EDIT: A lot of you are reading into the tweet while still somehow agreeing with the overall message. No one is saying we should eliminate music programs or that we should teach toddlers about healthcare plans. The tweet is making this thing called a --checks notes-- joke, that also conveys the message that schools could teach more practical skills that young adults will need going forward.
Let’s say I’m married filing separately with a mortgage, student loans, on my wife’s insurance but with my own job where I pay for a Flexible spending account for diabetes supplies. My wife also has student loans, some federal, some private. Let’s say we have a kid and pay for daycare but wife missed open enrollment for dependent care spending account.
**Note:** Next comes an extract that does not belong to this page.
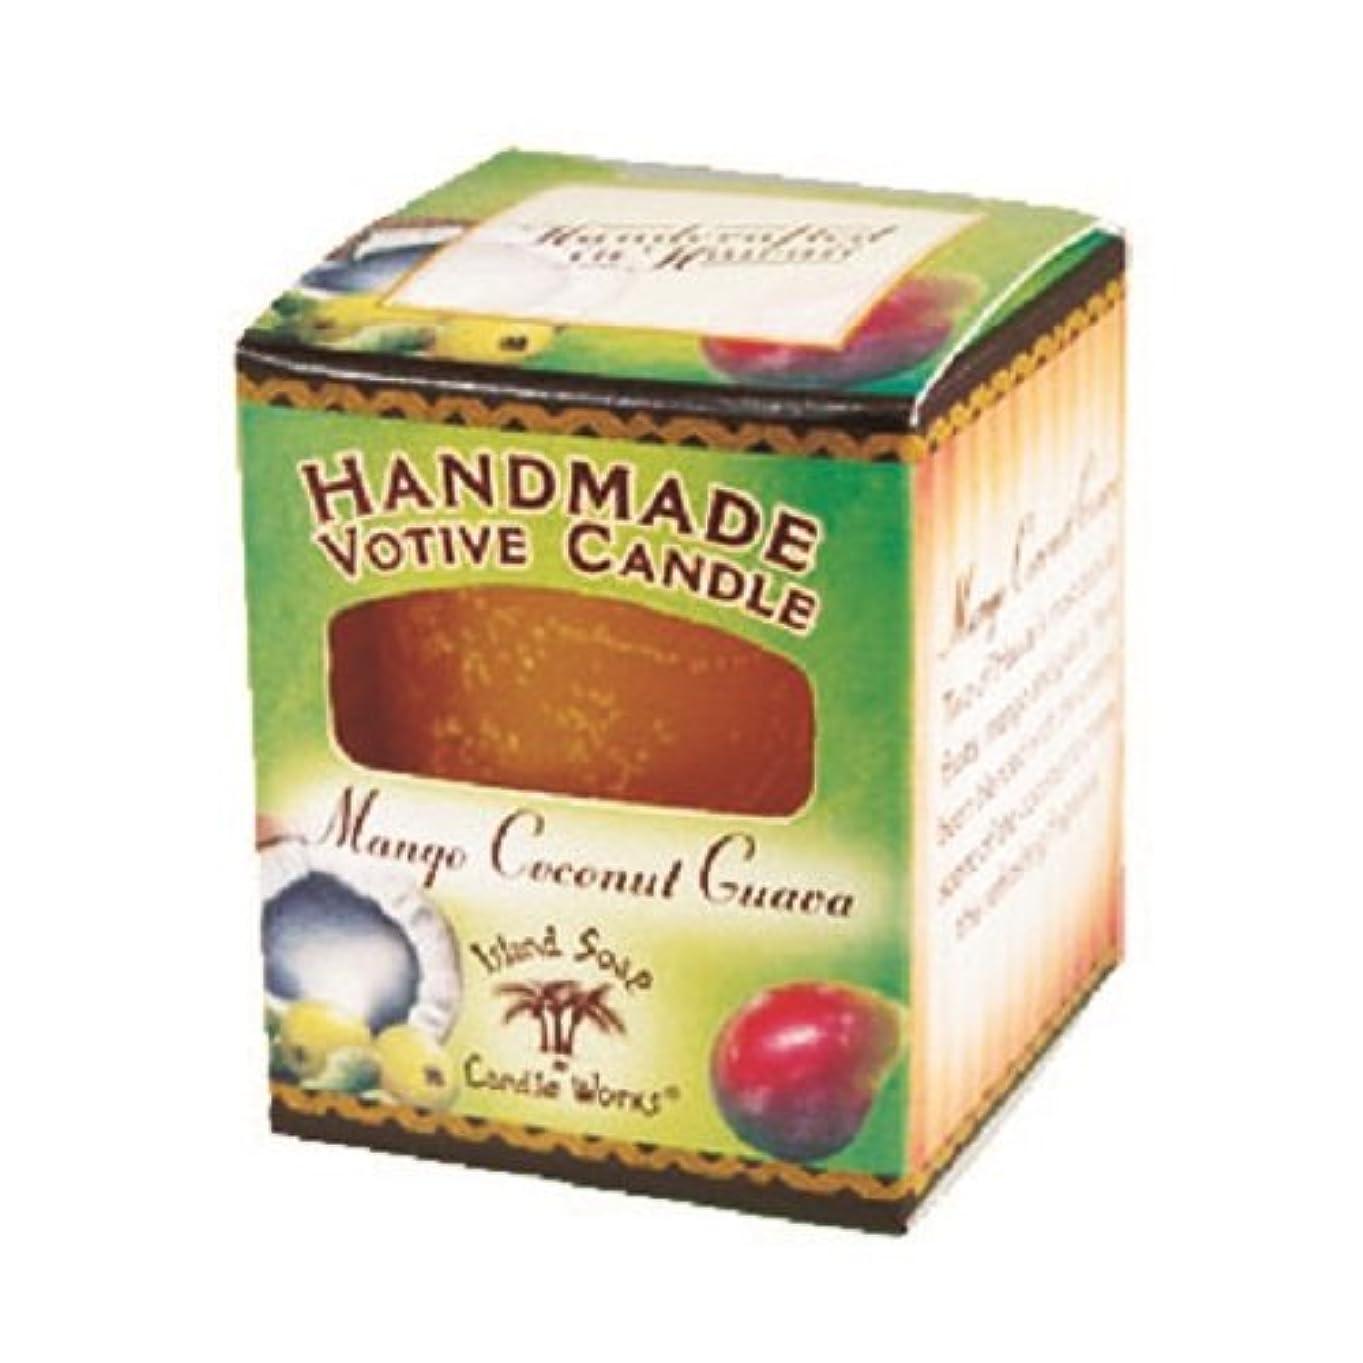 馬鹿げた肯定的祝福アイランドソープ ボーティブキャンドル マンゴココナッツ

Maybe we even have our employer cover part of daycare in this scenario, let’s say 25%, but it didn’t kick in until 4 months into the year. Just for fun maybe one of us cashed out an old retirement.
How confident are you that you could handle that situation if you had only gotten a “remedial” education? This is not a super unique scenario even.
Pretty confident, because there are instructions for everything, and there are free web based filing systems that will ask you those questions, and put the values in the correct spots. Free Tax Act is one such application. But what you described is far from an average person, filing an average claim. Many of those circumstances are unique.
Free Tax Act is great for filing jointly or as a single person. It absolutely will let you fail extremely hard if you file separately.
Edit: this might not be true I used free tax USA.
Just want to sneak in I admire your faith in people’s ability, whether I agree with it or not.
Oop! Free Tax USA is the one I was thinking of too.
Hehe. Thanks (I think). I have been accused of over-estimating people’s competence on more than one occasion, so I concede that it’s entirely possible that I’m wrong about this subject.